> **Source material**
______________________________
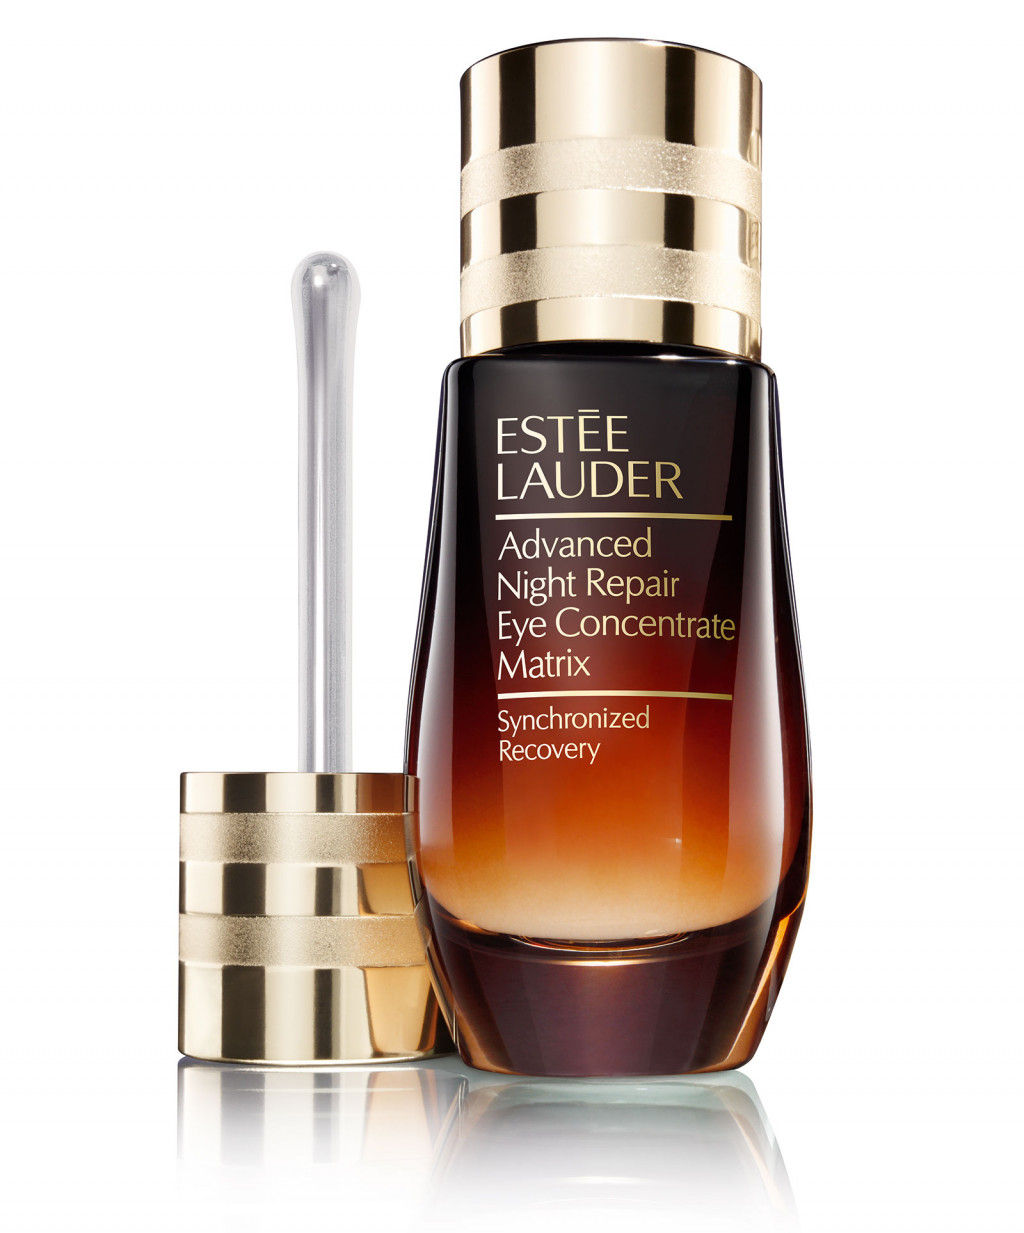 Estée Lauder Advanced Night Repair Eye Concentrate Matrix Synchronized Recovery | Skin Care
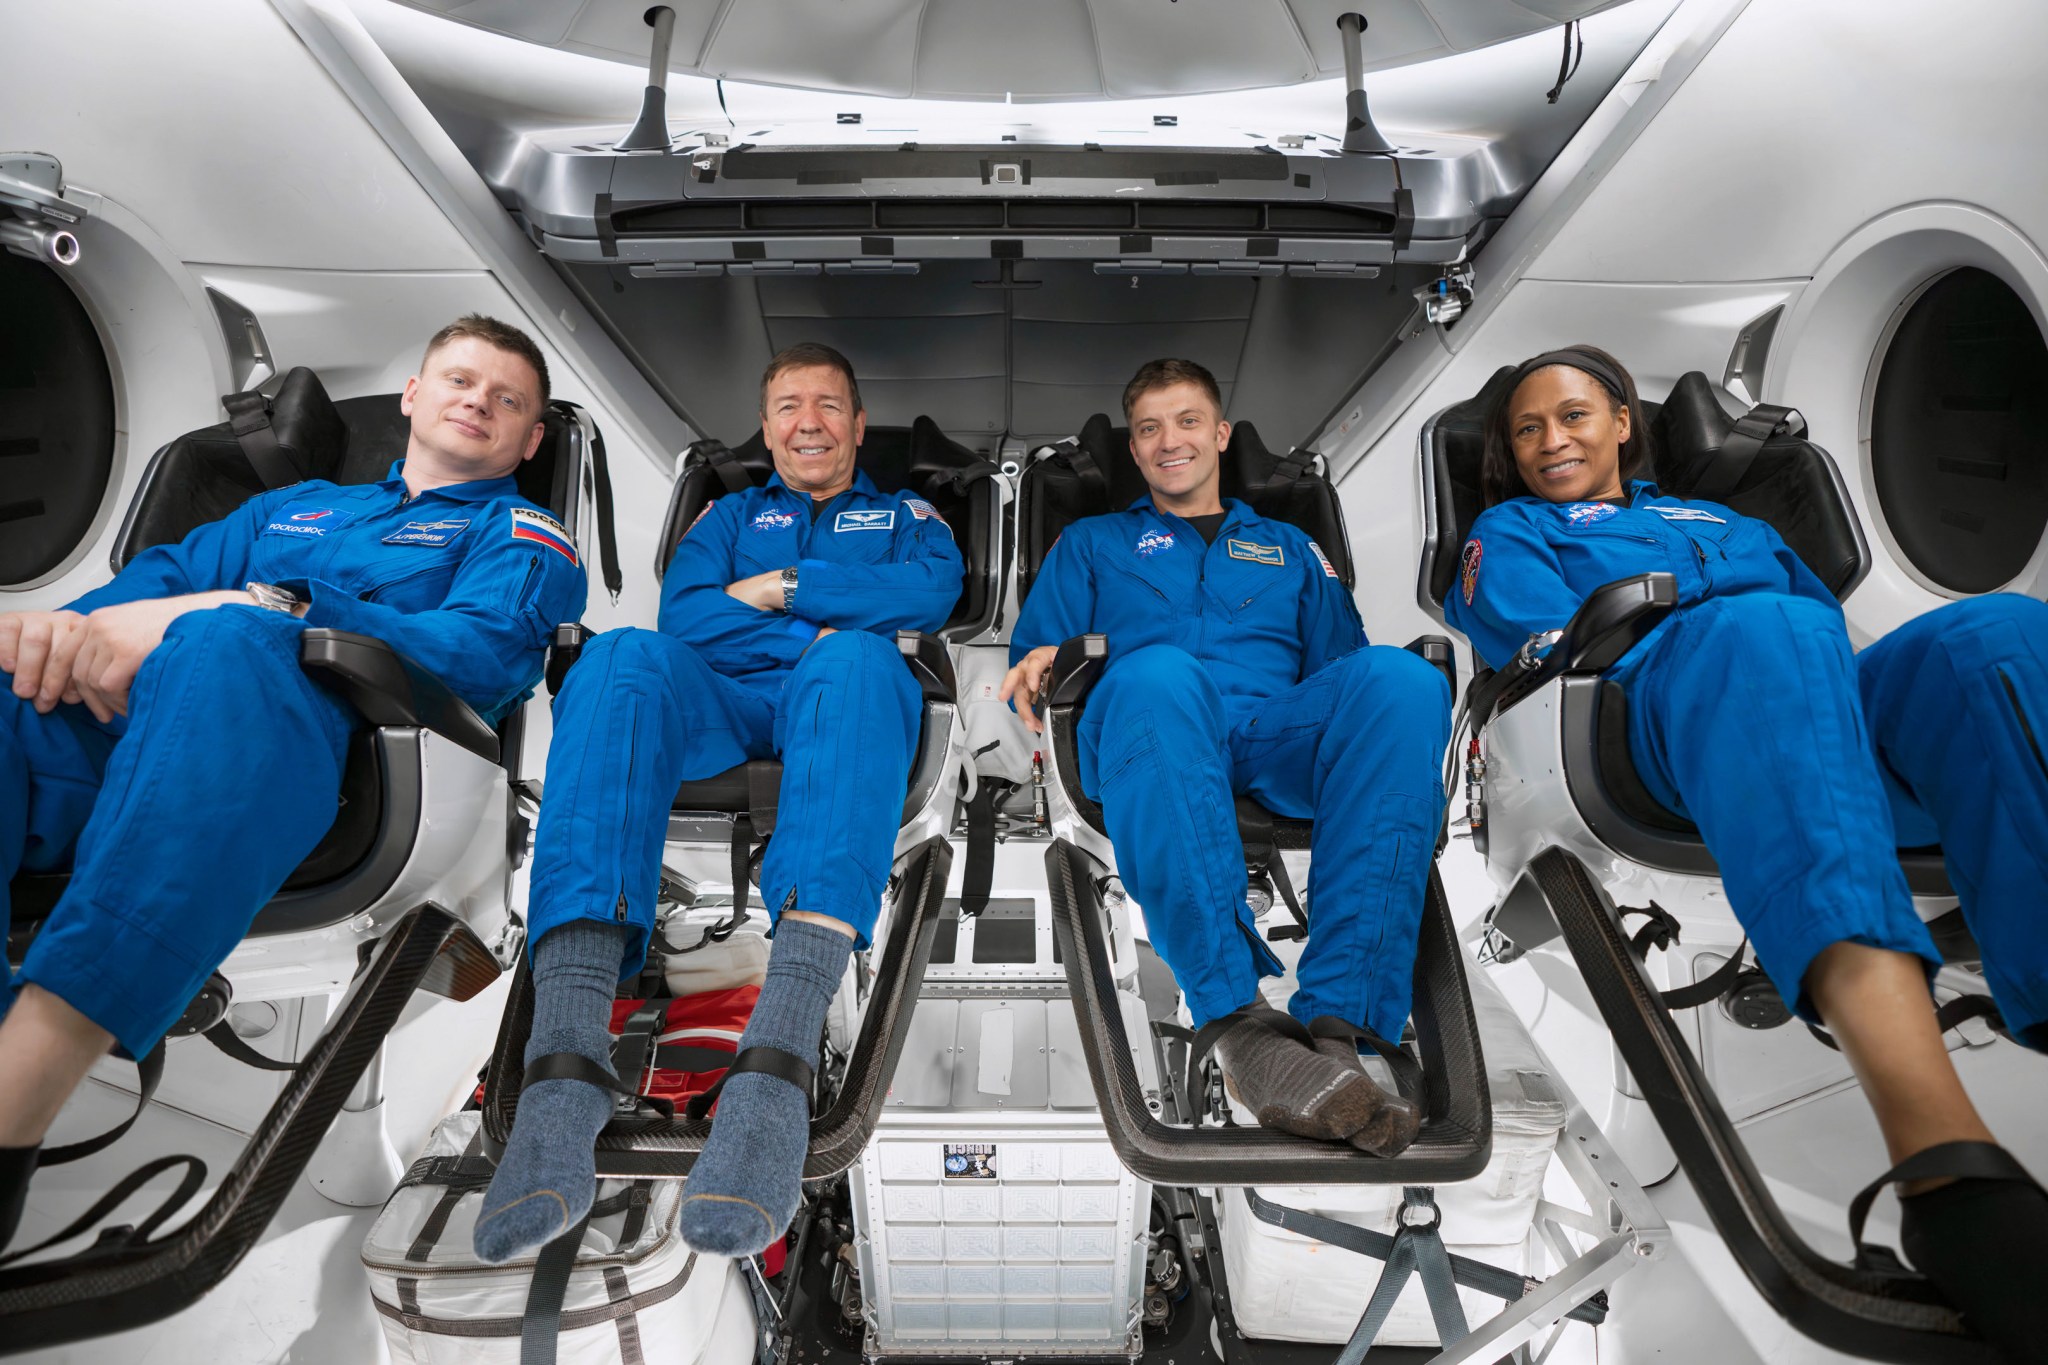 NASA’s SpaceX Crew-8 members, (from left) Alexander Grebenkin from Roscosmos; Michael Barratt, Matthew Dominick, and Jeanette Epps, all NASA astronauts, are pictured training inside the SpaceX Dragon spacecraft in Hawthorne, California.
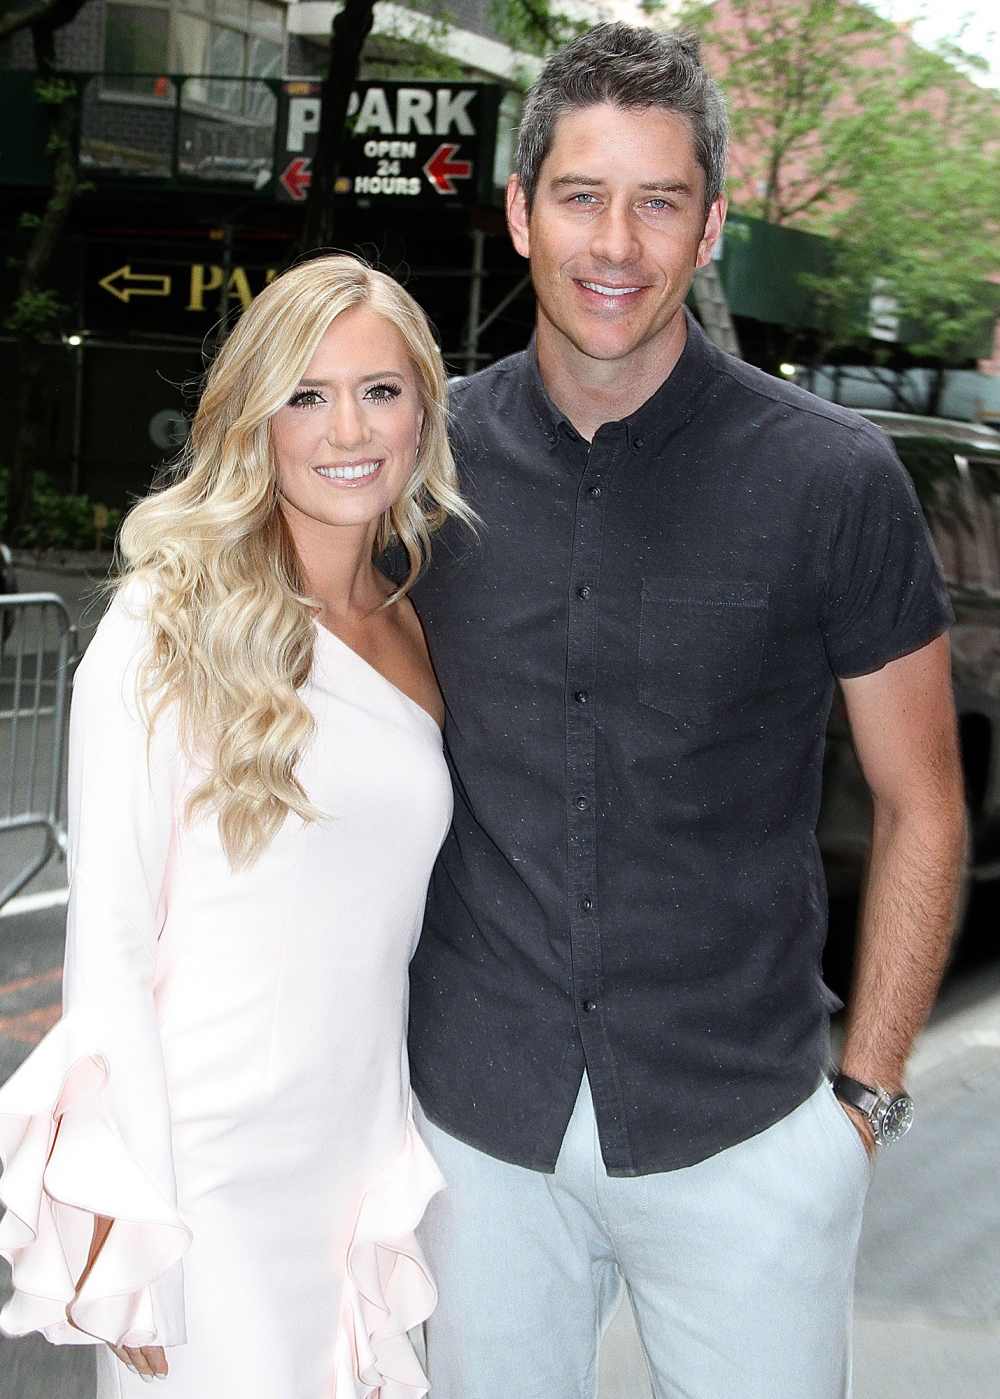 Pregnant Lauren Burnham: Arie Luyendyk Jr. Got 'Worn Out' By Sex 'Pressure' While Trying to Conceive
______________________________
> **Your task**
Every line above needs to be written out again as it stands. Pictures do not belong in the copy.

> **Task result**
 Estée Lauder Advanced Night Repair Eye Concentrate Matrix Synchronized Recovery | Skin Care
 NASA’s SpaceX Crew-8 members, (from left) Alexander Grebenkin from Roscosmos; Michael Barratt, Matthew Dominick, and Jeanette Epps, all NASA astronauts, are pictured training inside the SpaceX Dragon spacecraft in Hawthorne, California.
 Pregnant Lauren Burnham: Arie Luyendyk Jr. Got 'Worn Out' By Sex 'Pressure' While Trying to Conceive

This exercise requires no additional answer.